NOTES FROM THE UNDERGROUND
America's Sprawling Informal Economy
by Jeffrey R. Tucker
From the Summer 1993 issue of Policy Review
To subscribe to Policy Review, call (800) 544-4843
Government policies usually have unintended consequences,
but one effect is literally invisible to policy-makers. When
regulations get too complex or costly, or taxes too high,
employers, workers, and entrepreneurs sometimes move outside the
official system and into what is called the "informal sector." A
growing body of research suggests that the informal sector --
also called the underground, unofficial, black, subterranean, or
non-registered economy -- is an extremely large and highly
productive subsection of the economy. In it mostly legal goods
and services are bought and sold in a manner that evades the
government's regulatory and fiscal reach. During the presidential
transition, public attention focused on the off-the-books hiring
of nannies, sometimes illegal immigrants. The Zoë Baird
phenomenon is but a small part of a vast subterranean economy
that has grown in response to overly burdensome and arbitrary
government.
The informal sector has been studied extensively by
professors of anthropology, urban planning, and sociology, whose
political sympathies lie with the Left. Nevertheless, their
studies highlight a question that should be of interest across
the ideological spectrum: Isn't something wrong when an entire
segment of the population works extremely hard, possesses
valuable skills, and produces goods and services people want and
use, yet is shut out of the official economy? Shouldn't their
activities be considered legitimate?
New York Off the Books
Professor Saskia Sassen-Koob, who teaches architectural
planning at Columbia University, has studied New York City's
informal sector for well over 10 years. She thinks American
culture places too much emphasis on what she calls "valorized"

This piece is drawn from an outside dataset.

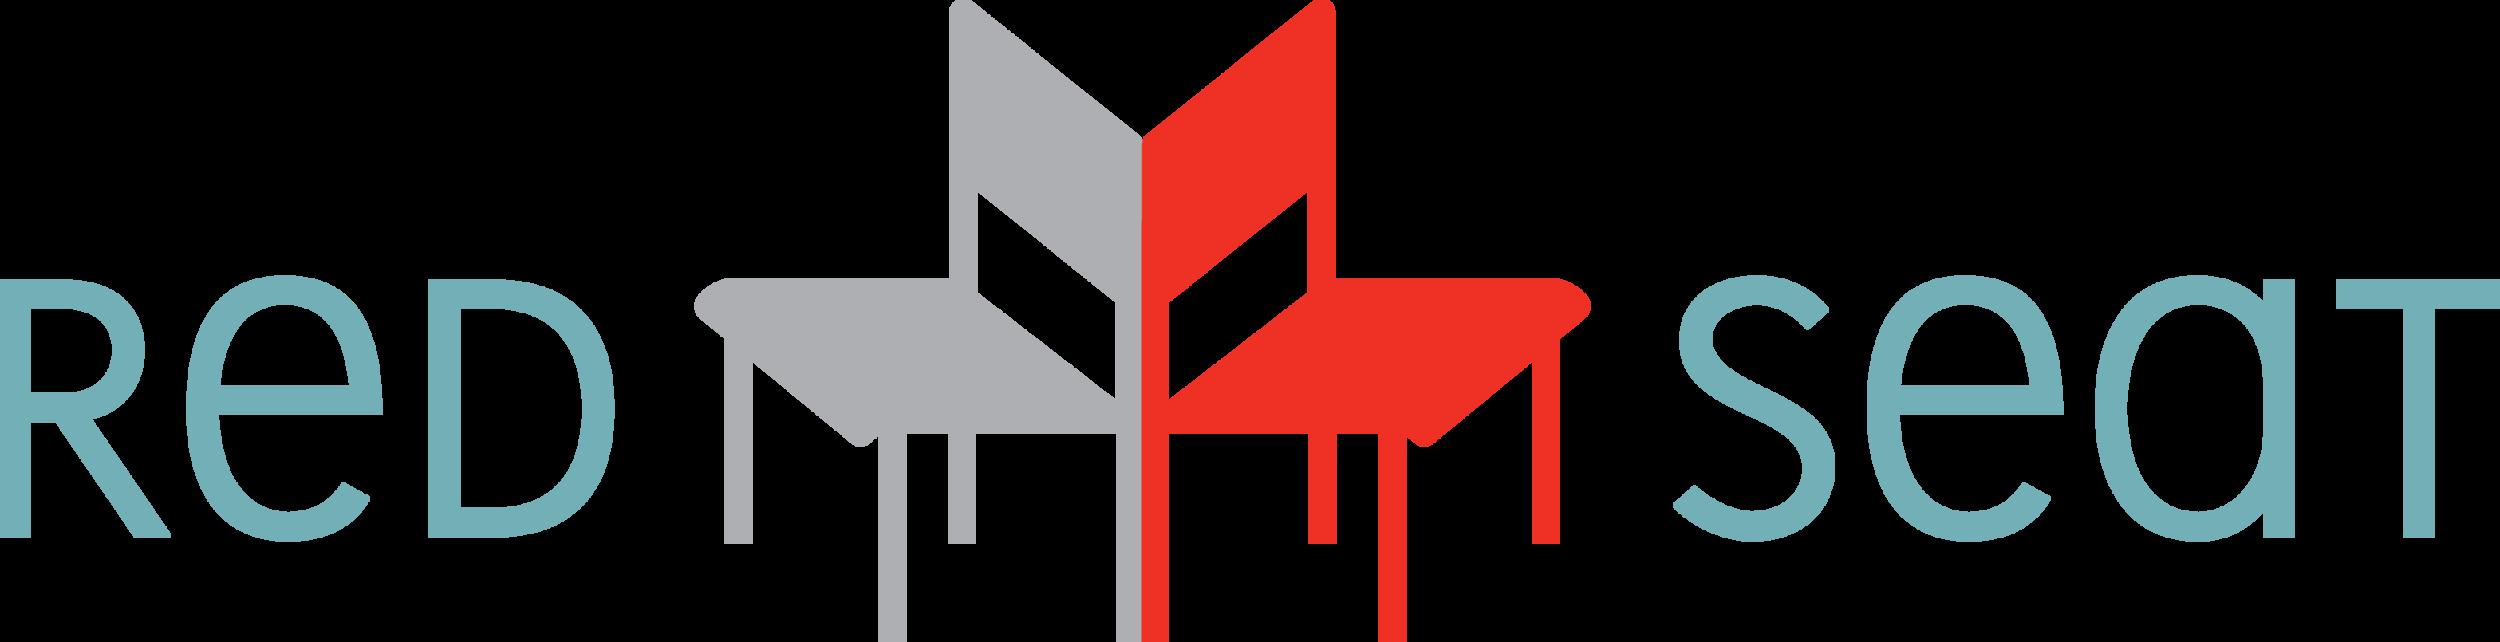 RedSeat_LogoPMS.png

occupations -- those with a high degree of visibility to match
their high wage levels. Professor Sassen-Koob and her graduate
students are doing hands-on work interviewing informal street
vendors, car repairmen, cab drivers, and others employed in the
informal economy all over New York.
The researchers have found substantial informal activity
throughout the apparel industry, general construction, masonry,
stonework, plastering, toys, sporting goods, and electronics.
They found unlicensed or unregistered work in most of the 40
standard industrial classification sectors they examined.
Concentrating mainly on new immigrant communities in New York,
they found an extremely diversified informal economy among
Hispanic, Chinese, Koreans, and Russian immigrants in Brighton
Beach.
In many areas of Queens (Jackson Heights, Ridgewood, and
Astoria) and in Brooklyn (Sunset Park and Williamsburgh), skilled
cabinetmakers produce customized furniture for a high-income
clientele and basic furniture for lower-income residents. Many of
the furniture shops are located on the second floor of buildings,
since the first floors must adhere to enforced zoning codes,
making them available only for other uses.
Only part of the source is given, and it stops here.